Maintaining nutrition, exercise will balance college lifestyle

Samantha Remmers, now a sophomore from Sabetha, has lunch during spring semester at Ekdahl Dining Commons in Lewis Hall.

Ramen noodles are the staple food of college life. Students also report subsiding on pizza, chips, wings, “whatever is in my roommate’s fridge” and even “cheap beer.”

There’s no doubt about it – “college food” is often synonymous with “cheap food,” and even more often with “junk food,” but not if Ann Chapman has anything to do with it.

Chapman, a registered dietitian for Kansas University, is available to counsel students about food-related questions or problems. She is in charge of a university-funded initiative called Better Bites. Only a few years old, the initiative has a logo that appears campuswide on foods, from hot entrees in cafeterias to snack foods in vending machines, that Chapman’s task force has deemed a healthier option.

“We’ve gotten good feedback from those who are aware of the program,” she said.

However, Chapman knows there are many factors that lead college students to make less-than-ideal eating choices and that an initiative like Better Bites can only do so much. She cites the 24-hour access to fast food and vending machines and a general decrease in physical activity versus high school life as critical health changes for new college students.

“Many who played sports in high school now have much more sedentary lifestyles that lack an appropriate amount of exercise,” she said.

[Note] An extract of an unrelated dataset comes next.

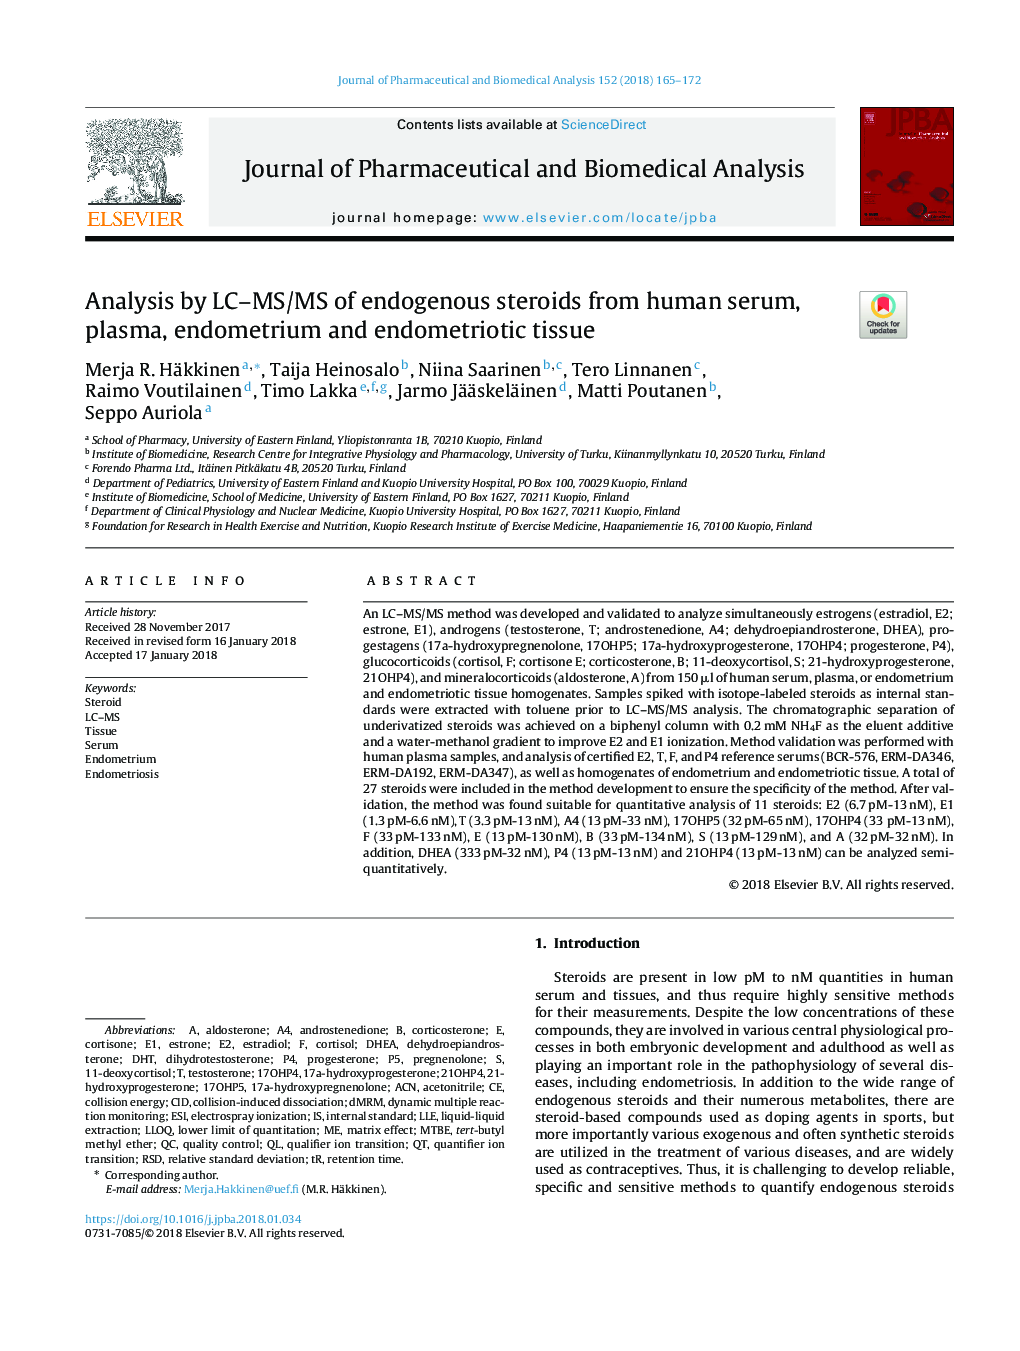 Analysis by LC-MS/MS of endogenous steroids from human serum, plasma, endometrium and endometriotic tissue

She also credits increased alcohol consumption as another nutritional factor for some students.

“When kids go out drinking,” Chapman said, “they take in all of the calories from the alcohol and then oftentimes will have another meal afterwards that they otherwise would have not consumed.”

When all of the extra calories that college students consume begin to convert to extra pounds on the scale, there is little surprise.

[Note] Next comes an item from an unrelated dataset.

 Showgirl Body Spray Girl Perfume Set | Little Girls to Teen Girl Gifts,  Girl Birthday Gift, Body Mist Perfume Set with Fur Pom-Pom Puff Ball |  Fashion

“I know that I go out to eat more often than I should,” sophomore Nick Squire said. “I was living at the dorms and that food got old really fast, and without the necessary appliances the only other option was to eat out.”

Squire noticed many others doing the same and consequently putting on their “freshman 15.”

He predicts that once he begins living off-campus with a full kitchen, his eating habits will revert back to something more normal.

Nevertheless, he said, “the convenience of fast food is always tempting.”